Fans of the awesome Specialized Pizza Rack will be pleased to see a new Pizza Bag ($100) designed specifically for that big front rack. It has a padded, roll-top body that is sure to keep the contents dry, or can be filled with ice and used as a rolling cooler. Trust us, we tested it. There are a few exterior pockets that keep essential items handy while you’re rolling and it measures 33 x 24 x 13 cm.
At first glance, the Stabilizing Seatpack looks like a lot of other roll-closed seat bags on the market, but Specialized has added a small, aluminum stabilizer bar that bolts to the seatpost to prevent it from swaying or drooping. Unlike some other designs on the market that use a support rail, this version only extends halfway along the bag’s length. The bag itself is made from the same watertight material so it will keep your gear dry, and is available in a 10 liter size ($130) and a 20 liter size ($140).

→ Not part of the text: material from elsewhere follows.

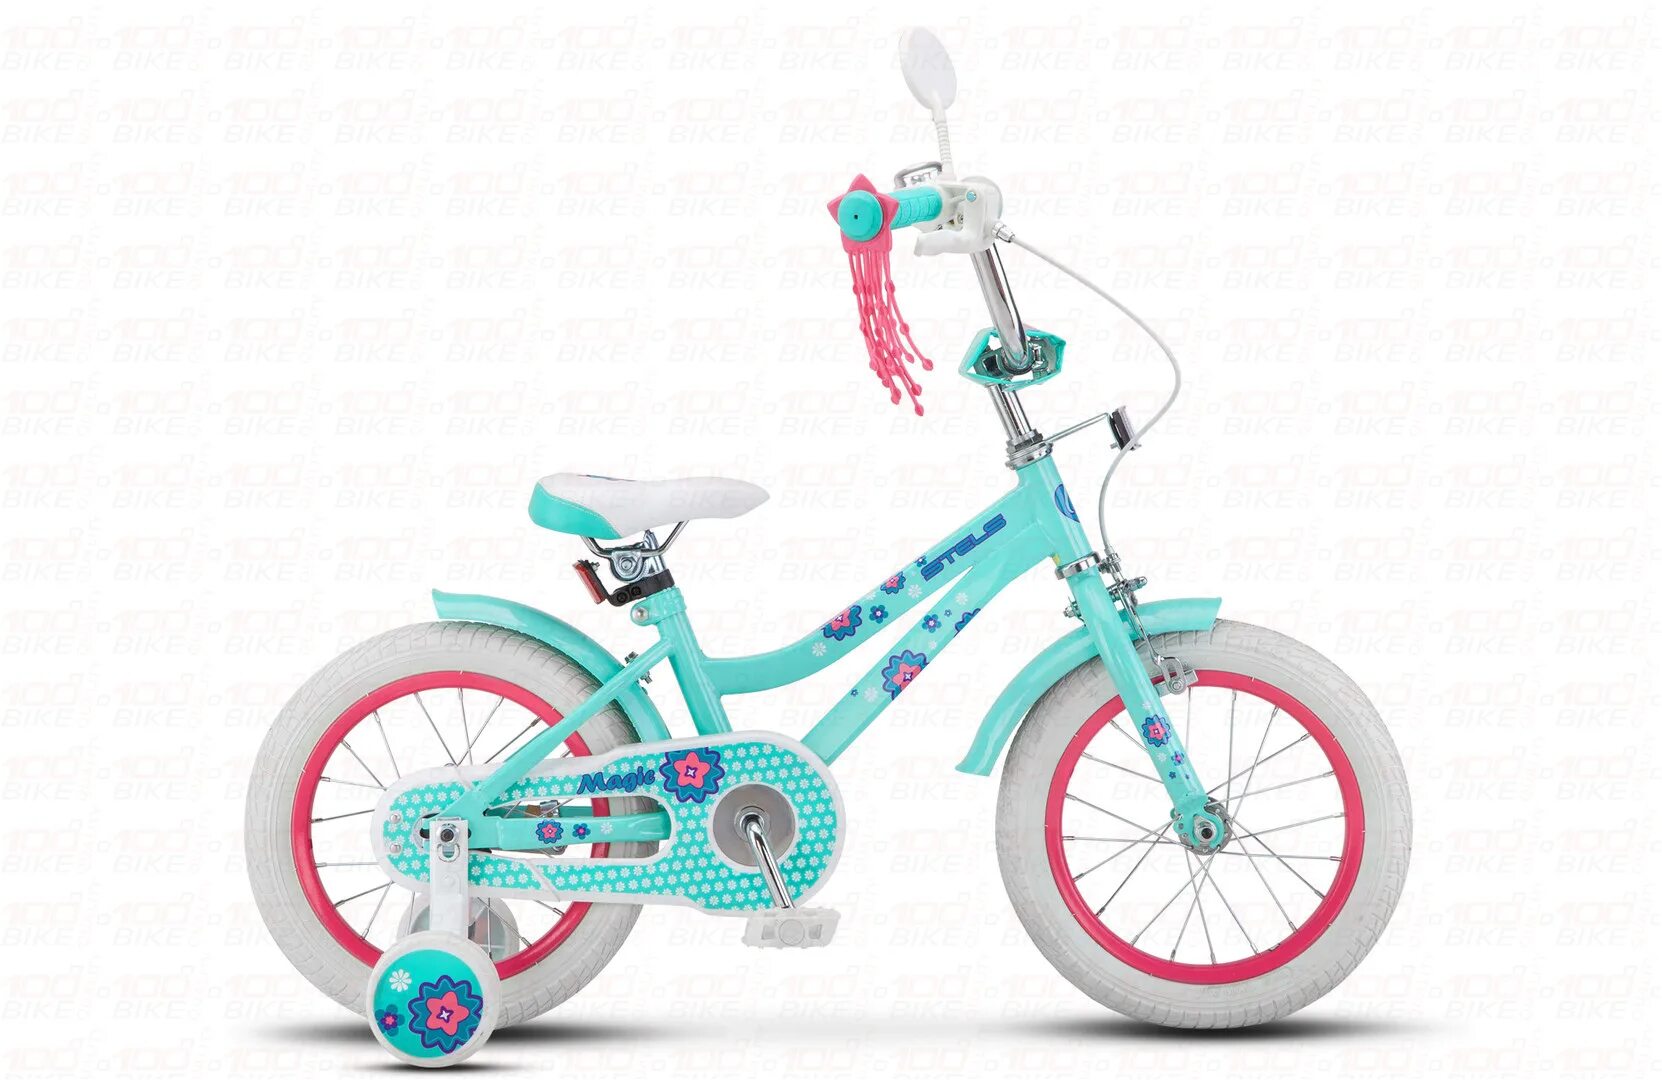 Велосипед для девочки 14 дюймов. Стелс Магик велосипед. Велосипед стелс 14 дюймов для девочки. Стелс Мэджик 14. Детский велосипед стелс 14.

Bottle cages eyelets have been popping up in all sorts of new places in the last few years, and the Sequoia has a pair on each side of its carbon fork, so Specialized created these Burra Burra Stuffcages ($30). Made from aluminum, they are smaller than the ones you see from others, and only bolt to two eyelets instead of three. The aluminum body comes with two straps for water bottles, fuel canisters or whatever else you want to bring. Specialized also introduced a Stuffpack ($40) that is sold separately that holds one liter of cargo in its roll-top body. It also has its own Velcro straps attached that can keep it secure in the cage.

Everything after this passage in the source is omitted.